● ACTIVITY
Your output should be exactly the lines from the one containing "Queenstown Photography and" through the final line of the following data, please, with no pictures.

● DATASET SECTION
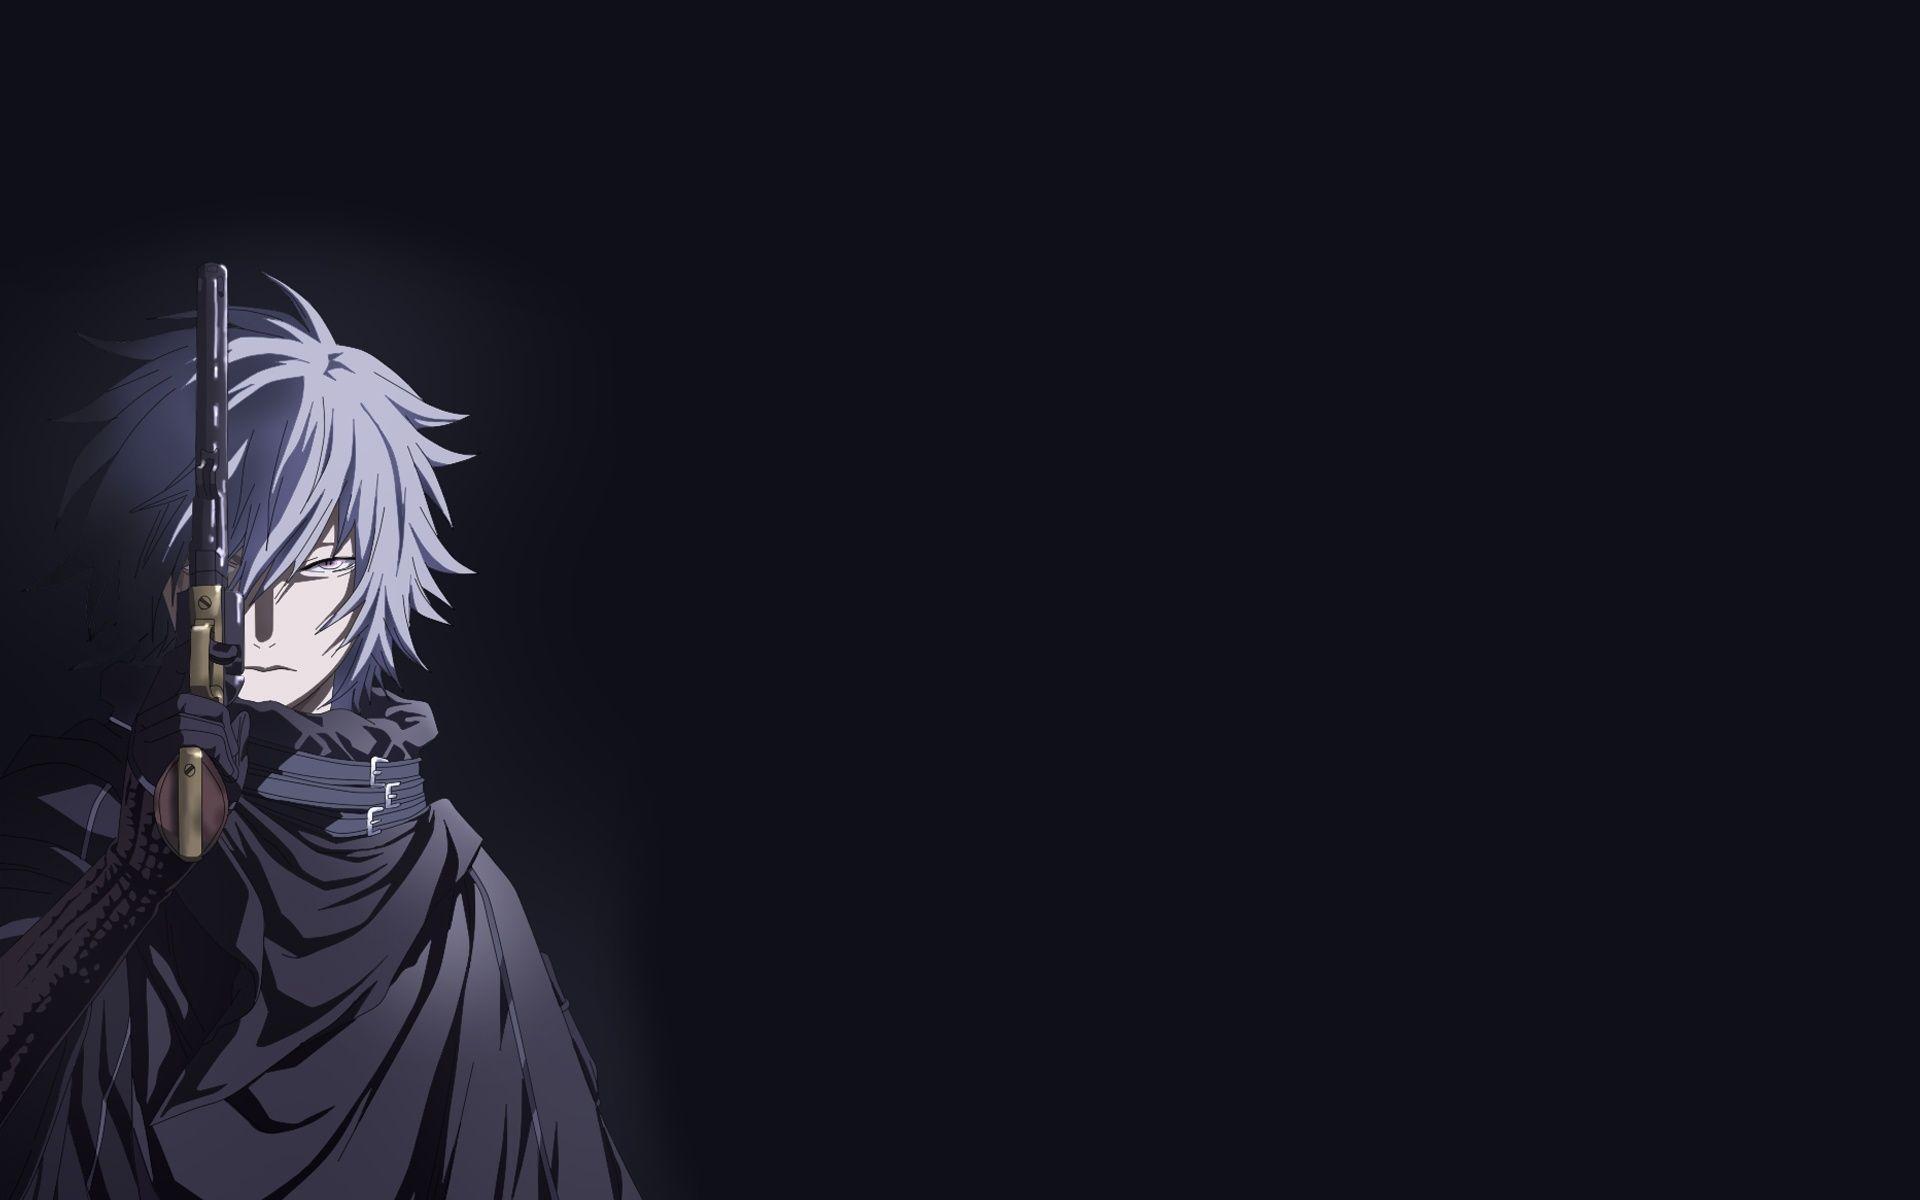 dark anime desktop wallpaper 60129
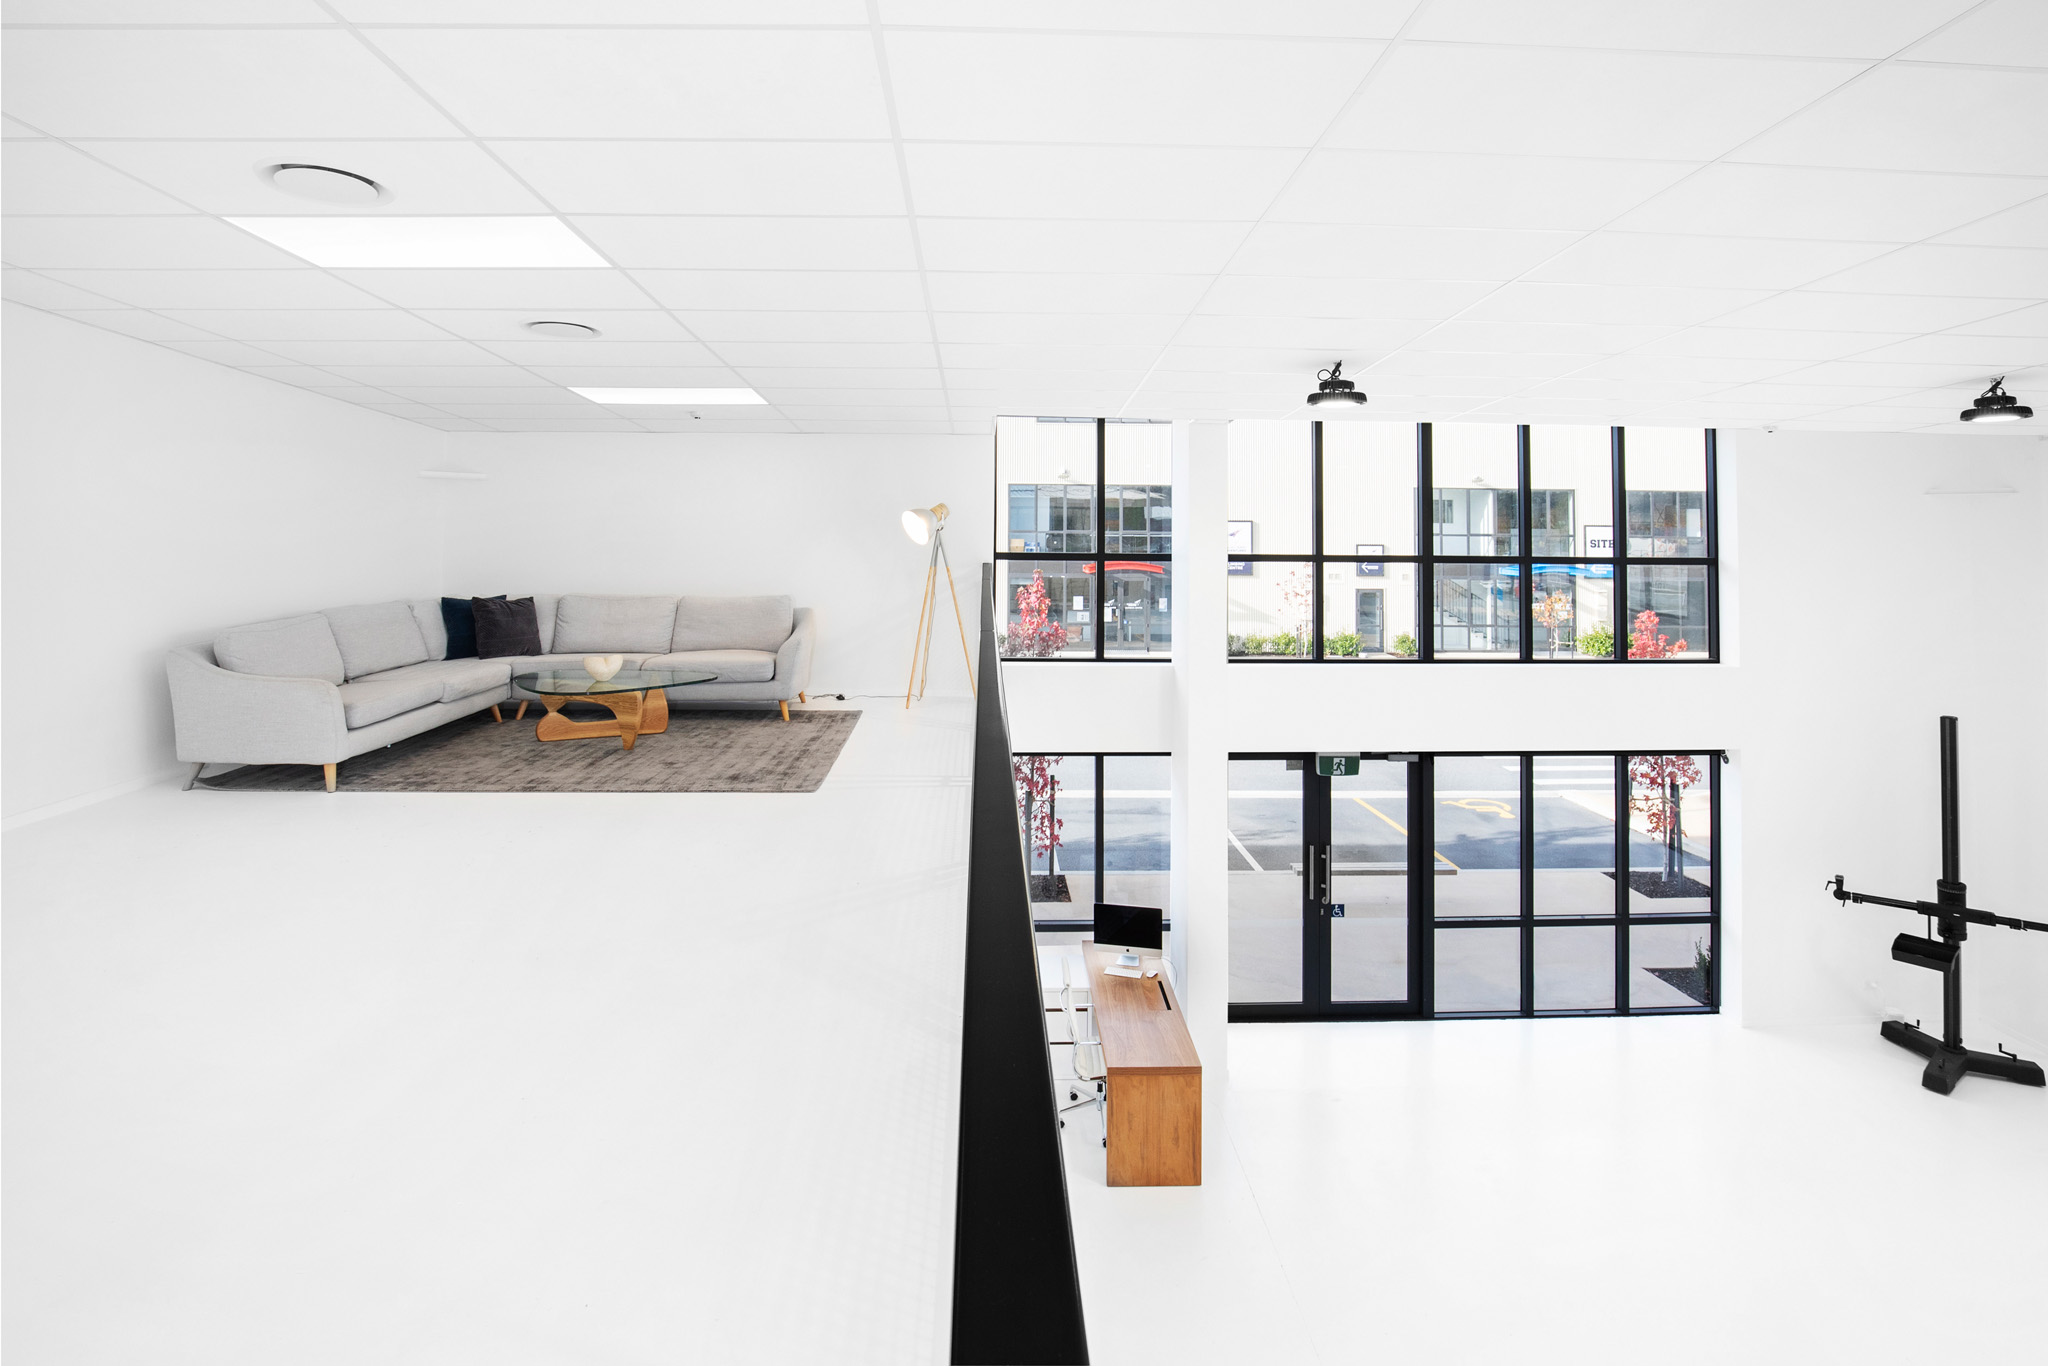 Queenstown Photography and film studios Up Studios
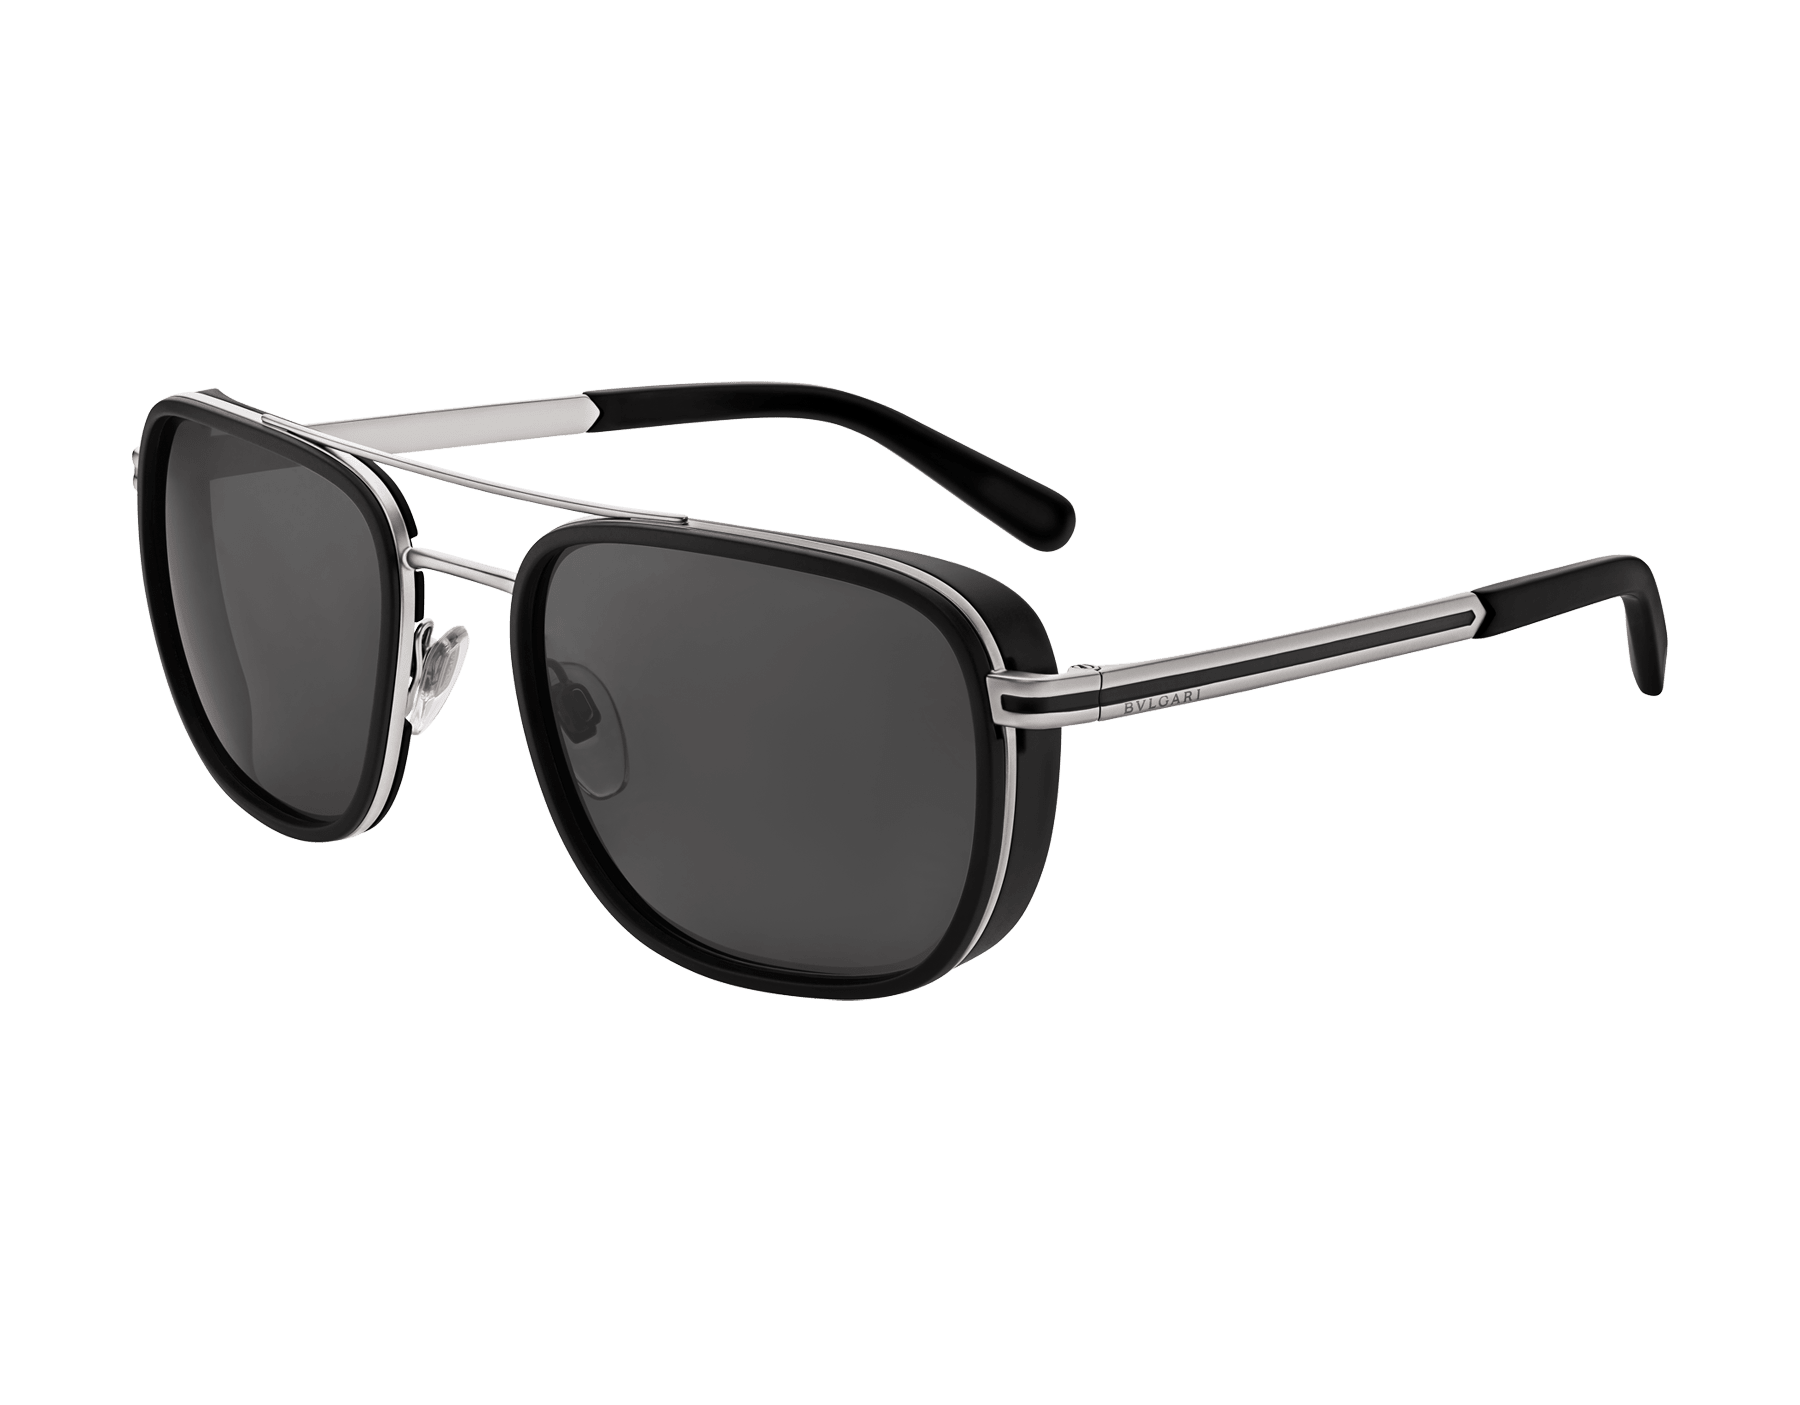 Óculos de sol Bvlgari Bvlgari formato retangular com ponte dupla em metal. 904082 image 1

● SOLUTION TO THE EXERCISE
 Queenstown Photography and film studios Up Studios
 Óculos de sol Bvlgari Bvlgari formato retangular com ponte dupla em metal. 904082 image 1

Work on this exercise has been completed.